[RECORDS SHOWN]
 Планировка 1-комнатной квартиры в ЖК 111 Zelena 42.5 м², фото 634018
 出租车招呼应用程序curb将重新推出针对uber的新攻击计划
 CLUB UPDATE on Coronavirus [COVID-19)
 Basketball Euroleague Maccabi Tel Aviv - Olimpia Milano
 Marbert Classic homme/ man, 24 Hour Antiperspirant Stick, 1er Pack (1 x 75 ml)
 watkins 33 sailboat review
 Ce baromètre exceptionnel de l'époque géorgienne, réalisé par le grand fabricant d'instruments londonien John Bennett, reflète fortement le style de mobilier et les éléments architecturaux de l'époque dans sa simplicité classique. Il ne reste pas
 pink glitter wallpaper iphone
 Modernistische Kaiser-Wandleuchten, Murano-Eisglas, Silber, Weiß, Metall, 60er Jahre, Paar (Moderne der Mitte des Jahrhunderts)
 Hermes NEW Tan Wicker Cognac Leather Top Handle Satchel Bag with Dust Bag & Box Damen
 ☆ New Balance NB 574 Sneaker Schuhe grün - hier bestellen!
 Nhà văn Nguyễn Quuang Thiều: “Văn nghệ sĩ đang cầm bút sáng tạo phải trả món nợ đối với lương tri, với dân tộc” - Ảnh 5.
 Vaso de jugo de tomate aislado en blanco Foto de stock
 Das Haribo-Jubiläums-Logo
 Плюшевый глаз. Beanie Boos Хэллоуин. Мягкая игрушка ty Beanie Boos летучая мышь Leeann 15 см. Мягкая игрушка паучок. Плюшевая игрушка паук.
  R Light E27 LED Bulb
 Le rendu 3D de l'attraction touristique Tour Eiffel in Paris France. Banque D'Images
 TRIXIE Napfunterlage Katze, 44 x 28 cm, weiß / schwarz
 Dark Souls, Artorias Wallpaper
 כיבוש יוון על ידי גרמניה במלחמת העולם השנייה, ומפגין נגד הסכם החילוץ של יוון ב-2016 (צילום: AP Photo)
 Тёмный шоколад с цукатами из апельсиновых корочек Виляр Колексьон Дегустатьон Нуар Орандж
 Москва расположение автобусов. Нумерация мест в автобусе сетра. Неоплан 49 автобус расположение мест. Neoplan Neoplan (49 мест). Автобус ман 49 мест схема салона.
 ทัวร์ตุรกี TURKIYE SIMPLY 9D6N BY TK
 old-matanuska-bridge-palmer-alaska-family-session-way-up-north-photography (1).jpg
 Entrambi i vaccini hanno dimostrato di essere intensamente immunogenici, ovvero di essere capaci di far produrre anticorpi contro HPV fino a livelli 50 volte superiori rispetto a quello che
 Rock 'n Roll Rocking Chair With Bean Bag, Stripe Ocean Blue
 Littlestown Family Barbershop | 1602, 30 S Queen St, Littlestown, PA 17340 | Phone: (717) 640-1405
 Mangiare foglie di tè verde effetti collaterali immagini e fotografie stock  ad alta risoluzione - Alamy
[/RECORDS SHOWN]
PROBLEM REQUIREMENTS
Every line of the listing is to be transcribed exactly.

RESPONSE
 Планировка 1-комнатной квартиры в ЖК 111 Zelena 42.5 м², фото 634018
 出租车招呼应用程序curb将重新推出针对uber的新攻击计划
 CLUB UPDATE on Coronavirus [COVID-19)
 Basketball Euroleague Maccabi Tel Aviv - Olimpia Milano
 Marbert Classic homme/ man, 24 Hour Antiperspirant Stick, 1er Pack (1 x 75 ml)
 watkins 33 sailboat review
 Ce baromètre exceptionnel de l'époque géorgienne, réalisé par le grand fabricant d'instruments londonien John Bennett, reflète fortement le style de mobilier et les éléments architecturaux de l'époque dans sa simplicité classique. Il ne reste pas
 pink glitter wallpaper iphone
 Modernistische Kaiser-Wandleuchten, Murano-Eisglas, Silber, Weiß, Metall, 60er Jahre, Paar (Moderne der Mitte des Jahrhunderts)
 Hermes NEW Tan Wicker Cognac Leather Top Handle Satchel Bag with Dust Bag & Box Damen
 ☆ New Balance NB 574 Sneaker Schuhe grün - hier bestellen!
 Nhà văn Nguyễn Quuang Thiều: “Văn nghệ sĩ đang cầm bút sáng tạo phải trả món nợ đối với lương tri, với dân tộc” - Ảnh 5.
 Vaso de jugo de tomate aislado en blanco Foto de stock
 Das Haribo-Jubiläums-Logo
 Плюшевый глаз. Beanie Boos Хэллоуин. Мягкая игрушка ty Beanie Boos летучая мышь Leeann 15 см. Мягкая игрушка паучок. Плюшевая игрушка паук.
  R Light E27 LED Bulb
 Le rendu 3D de l'attraction touristique Tour Eiffel in Paris France. Banque D'Images
 TRIXIE Napfunterlage Katze, 44 x 28 cm, weiß / schwarz
 Dark Souls, Artorias Wallpaper
 כיבוש יוון על ידי גרמניה במלחמת העולם השנייה, ומפגין נגד הסכם החילוץ של יוון ב-2016 (צילום: AP Photo)
 Тёмный шоколад с цукатами из апельсиновых корочек Виляр Колексьон Дегустатьон Нуар Орандж
 Москва расположение автобусов. Нумерация мест в автобусе сетра. Неоплан 49 автобус расположение мест. Neoplan Neoplan (49 мест). Автобус ман 49 мест схема салона.
 ทัวร์ตุรกี TURKIYE SIMPLY 9D6N BY TK
 old-matanuska-bridge-palmer-alaska-family-session-way-up-north-photography (1).jpg
 Entrambi i vaccini hanno dimostrato di essere intensamente immunogenici, ovvero di essere capaci di far produrre anticorpi contro HPV fino a livelli 50 volte superiori rispetto a quello che
 Rock 'n Roll Rocking Chair With Bean Bag, Stripe Ocean Blue
 Littlestown Family Barbershop | 1602, 30 S Queen St, Littlestown, PA 17340 | Phone: (717) 640-1405
 Mangiare foglie di tè verde effetti collaterali immagini e fotografie stock  ad alta risoluzione - Alamy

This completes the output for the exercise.